Labor fractured

July 27, 2005

BIG LABOR - the AFL-CIO - celebrated its 50th birthday this week with a historic and painful divorce that heightens the uncertainties facing unions and workers in America.

After decades of decline, an internal rift over how to resurrect organized labor erupted with two of the nation's largest unions walking out of the labor federation. The dissidents - led by the Service Employees International Union and the Teamsters - say they will focus more on aggressive recruiting and organizing to amass the density of members within single industries to confront the growing clout of multinational corporations, instead of following the federation's past emphasis on lobbying and Democratic Party politics.

In truth, there may be less to the actual differences between the two sides than proclaimed and more to the assertion that this boils down to a highly personal feud between the AFL-CIO's longtime president, John J. Sweeney, and the leader of the "Change to Win Coalition," SEIU President Andrew L. Stern. If that is the case - if this breakup is mostly about personal power - that makes it even more of a gamble.

The schism comes as union membership has crashed from 35 percent of the American work force 50 years ago to just 8 percent of private-sector workers today - and as the U.S. political environment has acquired a decidedly anti-worker cast. It subtracts a fourth of the members and a sixth of the budget from the nation's main labor consortium. Most fundamentally, it shatters labor's guiding principle of solidarity, opening the door to internecine political, organizing and financial battles that likely would play right into the hands of labor's enemies. The Bush White House doubtless is pleased.

Yet there is plenty of evidence from labor's long slide that a new strategy is badly needed to catch up with the profound changes that are sweeping through the American economy under the pressure of globalization, the shift from manufacturing to services, and the high costs of sustaining the health care and retirement security so hard won in the last century by unions. In that sense, Mr. Stern's call for unions to evolve - along with the changing economy - resonates loudly.

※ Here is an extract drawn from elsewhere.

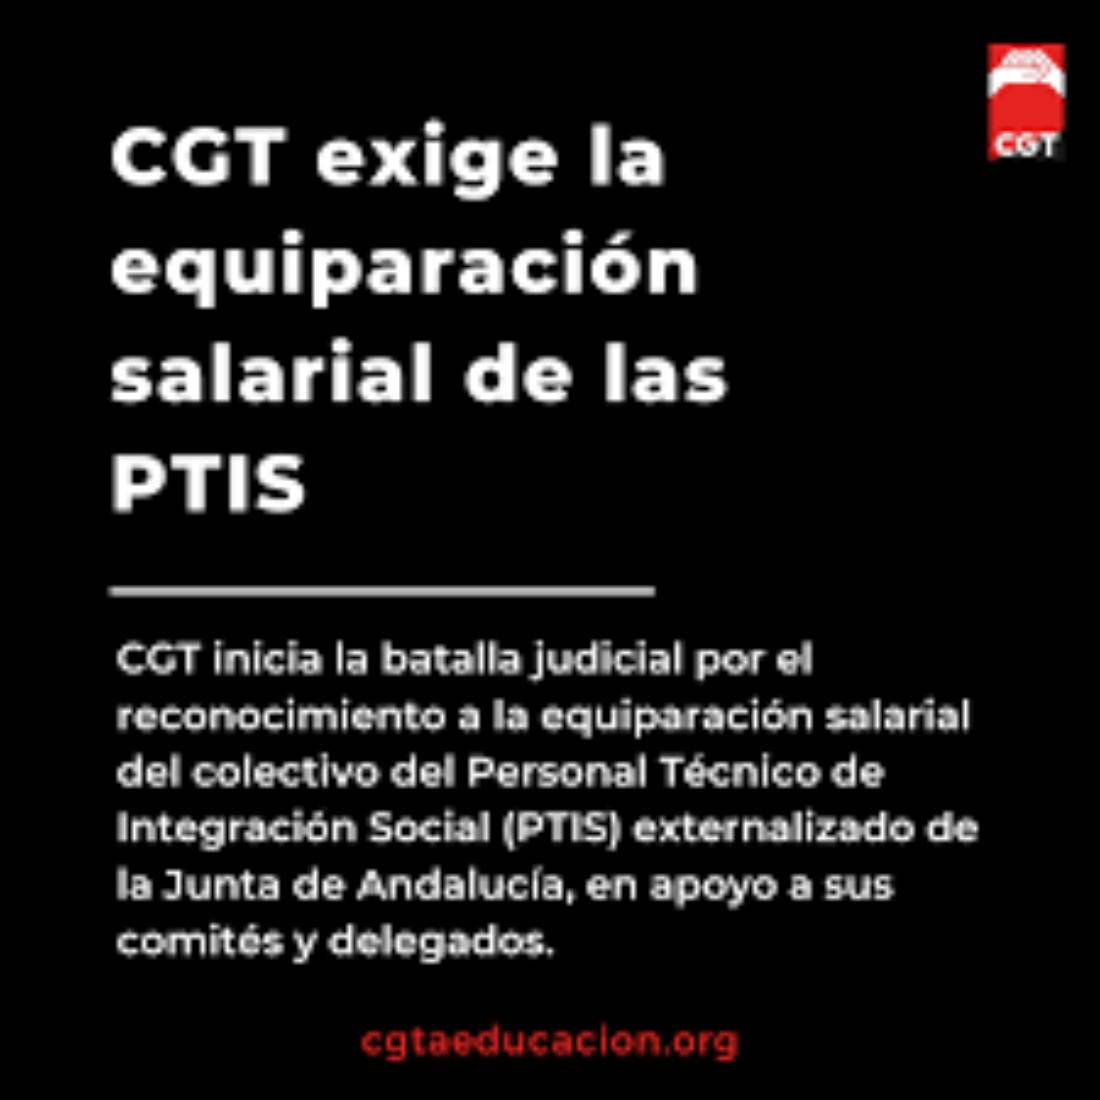 CGT exige la equiparación salarial de las PTIS

Effective advocacy for the interests of American workers is needed - and in line with the larger interests of this nation as a whole. This is not a simple matter of left-right, poor-rich, Democratic-Republican politics, but of advancing critical causes - of better education, health care, retirement security - in which the entire country has stakes. Having fractured labor's united front of the last half-century in the cause of halting its continuing decline, it's now up to Mr. Stern and other leaders of the "Change to Win Coalition" to make a compelling enough case to American workers for their unions to attract new energy. That's a very tall order, particularly because, at least in the immediate sense, it seems inescapable that a bitterly divided labor movement risks becoming even weaker.